2. The algorithm for lossless compression of RGB images
Compression of each pixel is performed channel-by-channel. First, the color component responsible
for the red color is compressed, next, the value of the color component of the green color is encoded,
and then the value of the blue component is encoded. For each channel, its own context is formed. The
structure for context storage is identical to the structure of the algorithm for indexed images [13,14].
For each channel, individual context models of the following orders are used: 6,4,2,1,0. The full-color
probability coder (FPC) compression algorithm [14] is as follows: 3 separate keys of the current
context and 3 independent forests of AVL-trees are used to store context models (for each of the RGB
channels). The following actions are performed in the cycle:
     A consecutive pixel is extracted from the input image file as a current one;
     The maximum-order context (MOC) is formed as the current context: the contexts Cont1,
       Cont2, Cont3 of the maximum order are formed sequentially for the red, green and blue
       channels, respectively, as an array of unsigned one-byte integers storing the previous values of
       the corresponding channel of the current pixel.
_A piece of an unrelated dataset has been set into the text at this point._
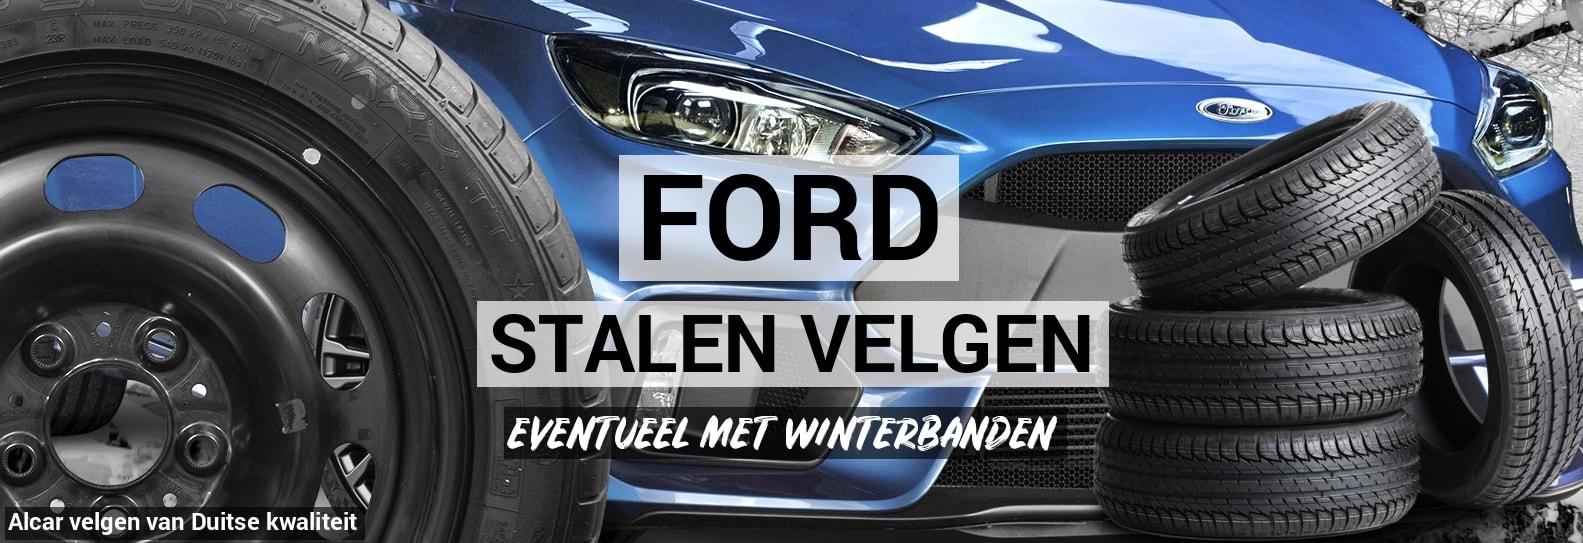 Stalen Velgen Ford Autobanden Kopen Nieuwe Banden Bestel
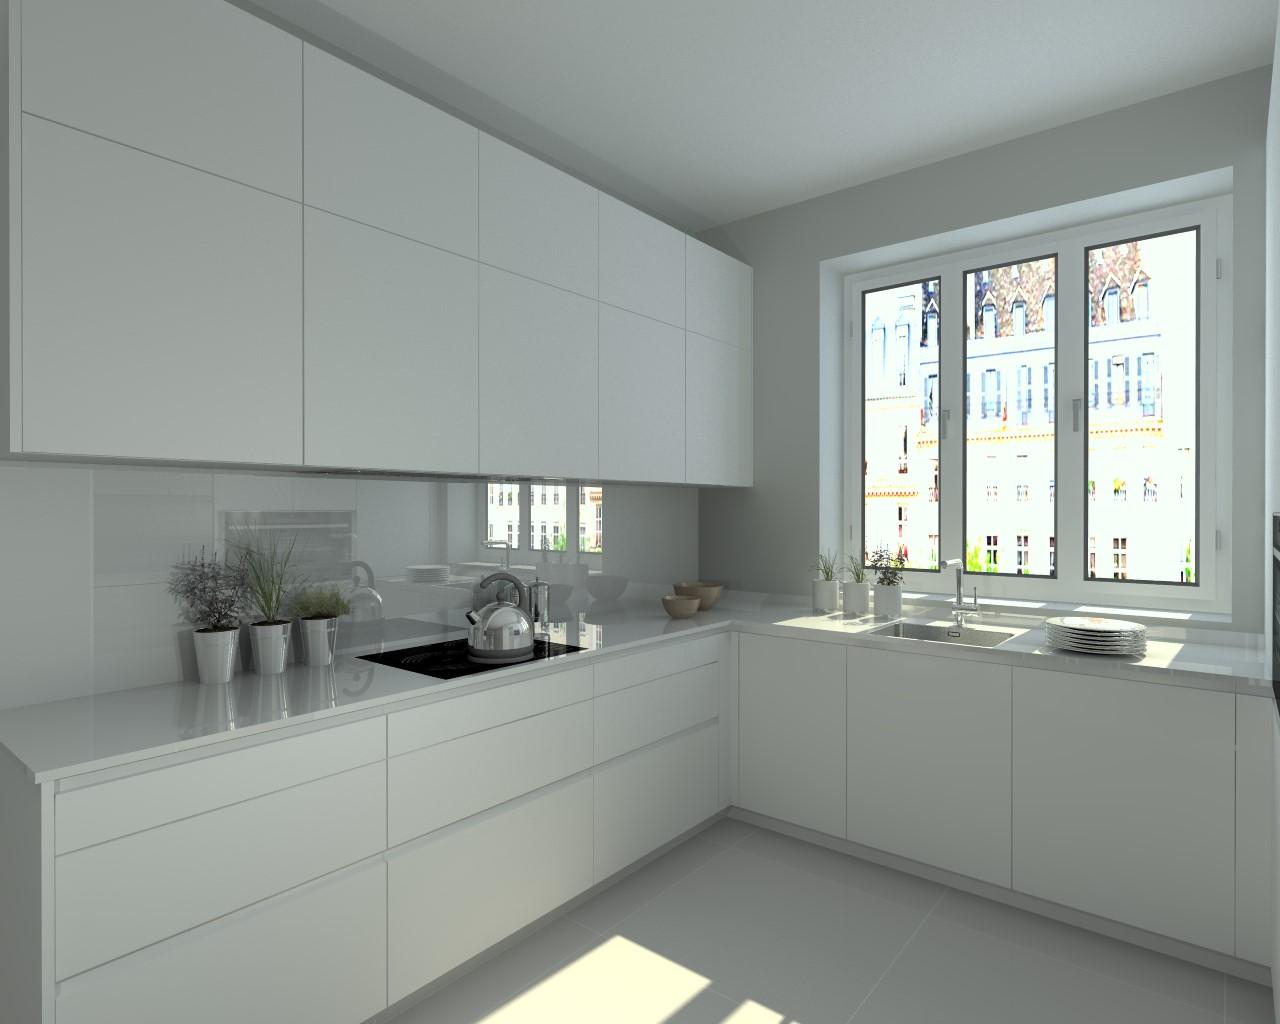 Aravaca cocina santos modelo line e blanco encimera for Muebles de cocina precios y modelos

     The procedure of channel-by-channel coding of the current pixel value in the current context is
       performed (for details, see [13]);
     If it is not possible to evaluate and encode the current channel value in the current context, since
       this value is encountered in the current context for the first time, a lesser order context is formed
       and this context becomes current, thus a return to point 3 occurs. This continues until the current
       value of the color component is encoded, which is guaranteed by the fact that occurrence
       counters for all pixel values in the context of the smallest (zero) order are initially assigned the
       value of unity. The descent to a lesser order context is realized by applying the exclusion
       technique, which allows, in case of departure to the contexts of a smaller order m, to exclude
       from consideration all the values of the pixel occurrence counters that are contained in the
       context model of the order r, 0<m<r<R, since none of them is an encoded pixel value.
     The context model (as the MOC) is updated in accordance with the code of the current pixel.
     If not all the pixels are coded, the transition to step 1 occurs, otherwise the encoding is
       completed.

3. Using the link between channels in context-based image compression
To increase the compression ratio, images were studied to determine the existence and possibility of
using the relationship of color channel values.
   Experiments have been performed to compare compression of full-color images in three modes:
     Independent channel coding: only the R channel values are used to form the R channel context;
       only the G channel values, for the context of the G channel; only the B channel values, for the
       context of the B channel.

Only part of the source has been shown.